There's a lot going on in this short code snippet!

  1. SplitIntervalsForCallingRegions is a task that breaks apart an interval list into many smaller interval lists. It also implements Partitioner[PathToIntervals] which allows the scatter/gather framework to use it to initiate a scatter operation.
  2. On line 3 we instantiate a Scatter object which is used to wire together and manage all the tasks in the scatter/gather pipeline
  3. On line 4 we use the .map() method on Scatter to create a HaplotypeCaller task per partition. The .map() method takes as a parameter a function that is invoked once per input partition to create the jobs we need.
  4. On lines 5 and 6 we continue the scattered processing by extending the chain with further calls to .map(). In this case the function we provide to .map() receives as input the prior task in the chain.
  5. On line 7 we use the .gather() function to generate a task that gathers the results of all the scatters. It receives as input the last task from each branch of the scatter, and uses their outputs as the input to GatherVcfs.

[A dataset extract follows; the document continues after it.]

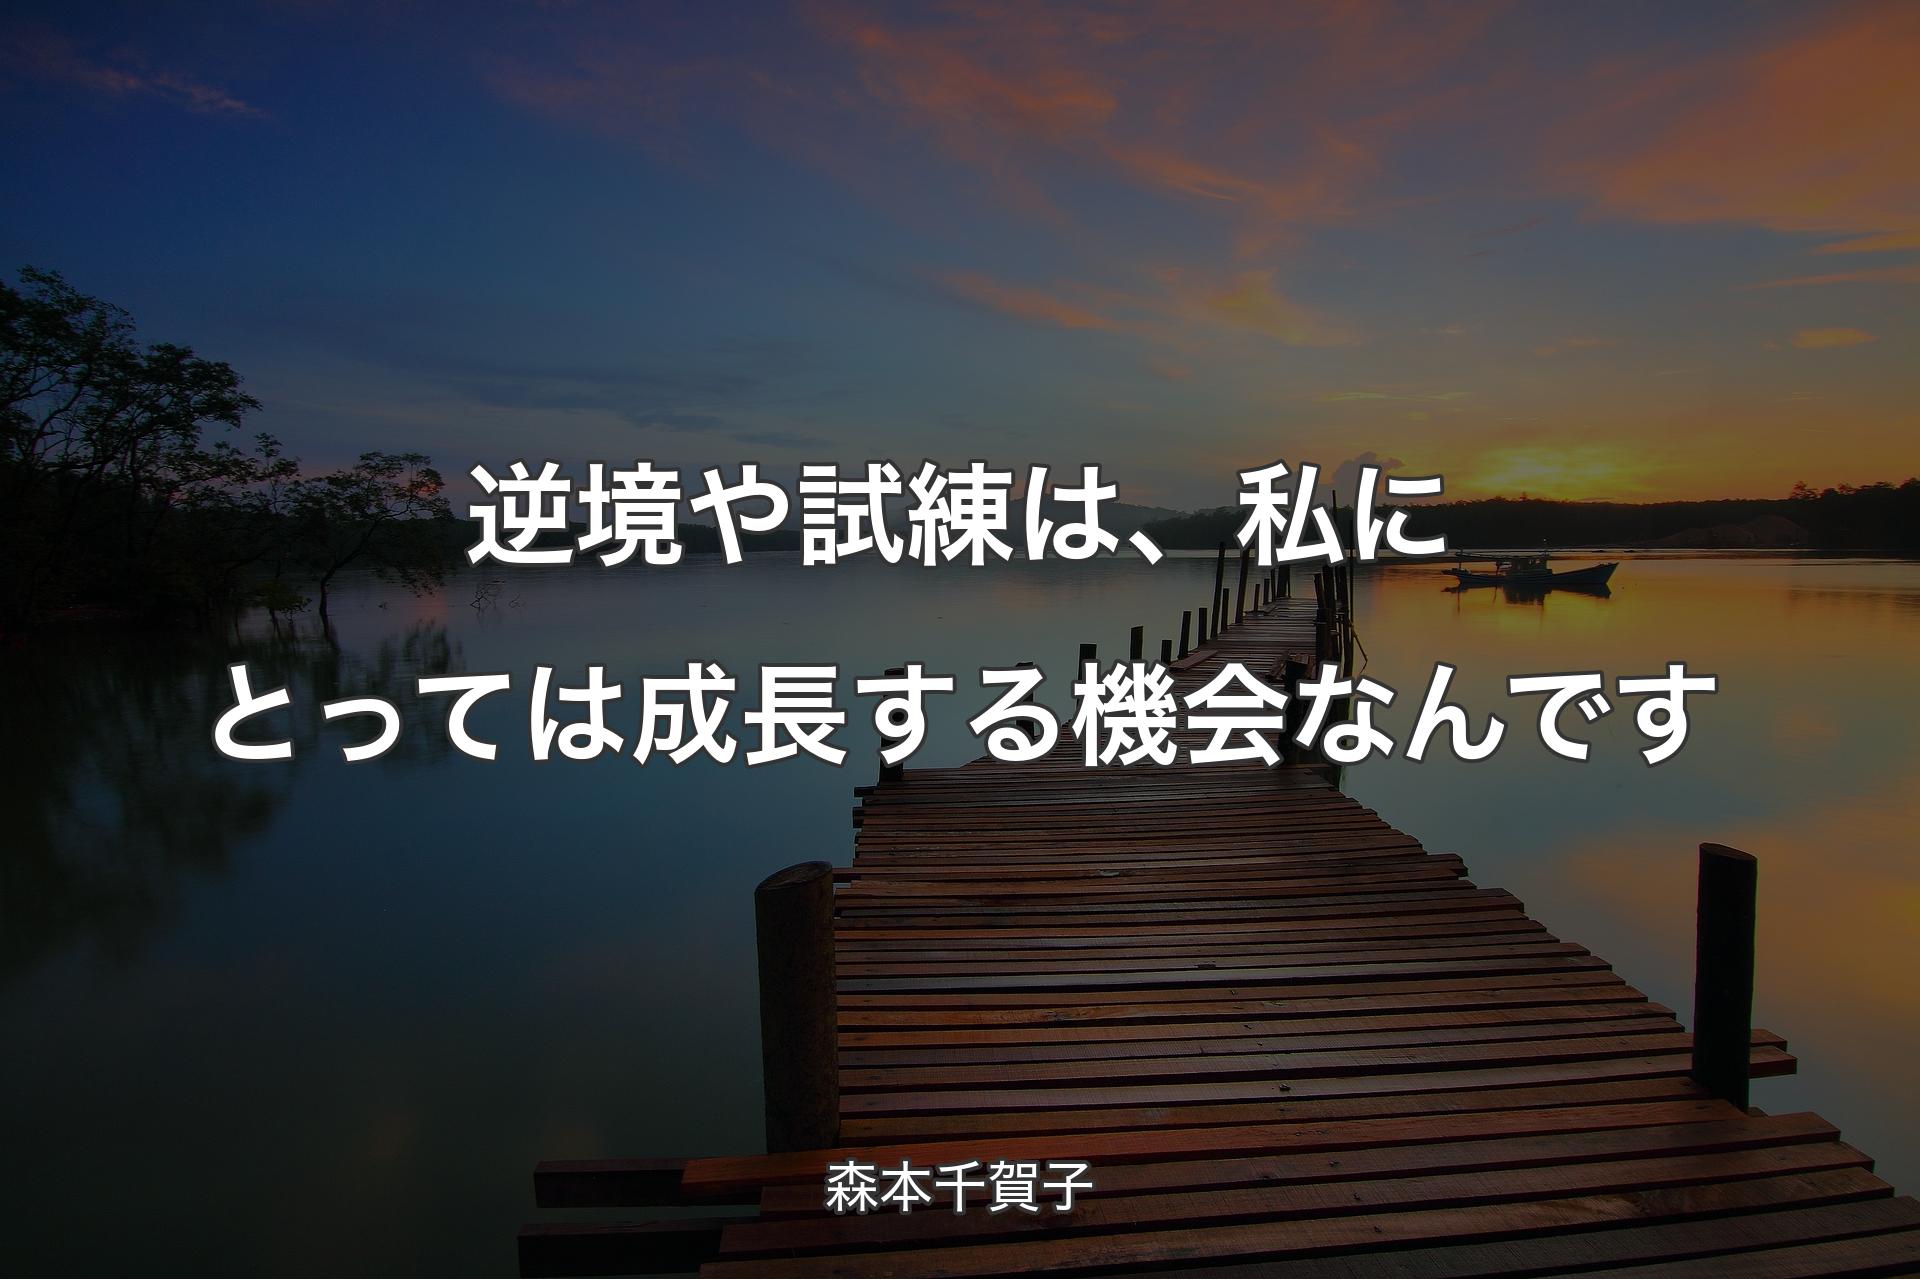 【背景3】逆境や試練は、私にとっては成長する機会なんです - 森本千賀子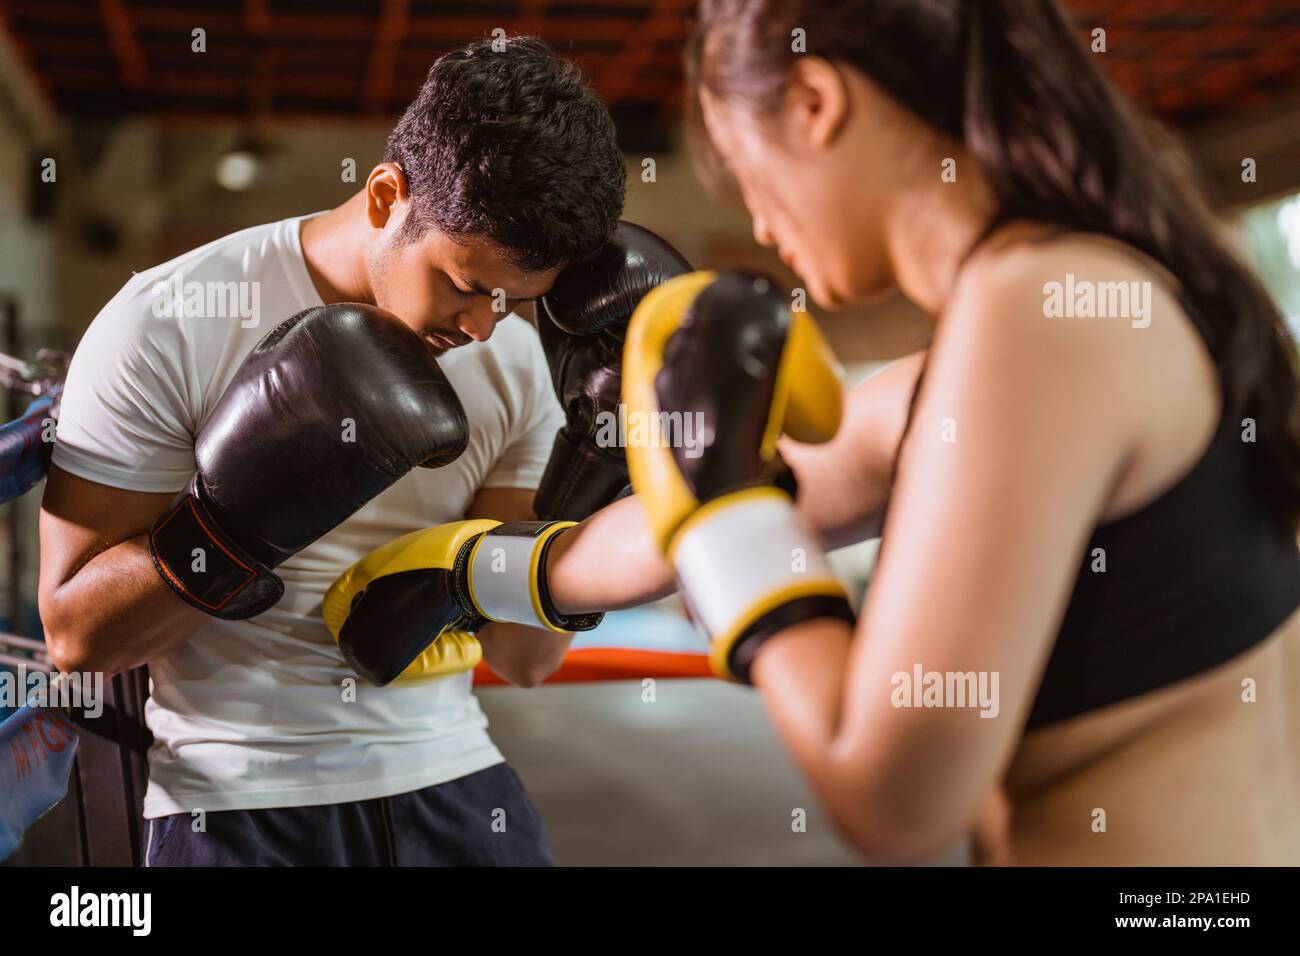 Eine Boxerin, die dem Boxer auf den Bauch schlägt Stockfoto

  6. Lastly on lines 9-10 we wire in the dependencies. The framework has already hooked up all the dependencies between parts of the scatter/gather workflow so all that's left is to wire scatter to it's dependencies, and add any tasks that come afterwards

It should be noted that all of the objects generated during a scatter/gather workflow (e.g. scatter, hc, gt, filter) can be .map()'d and .gather()'d more than once. I.e. you can build a scatter/gather pipeline with multiple branches and multiple endpoints without repeating any work.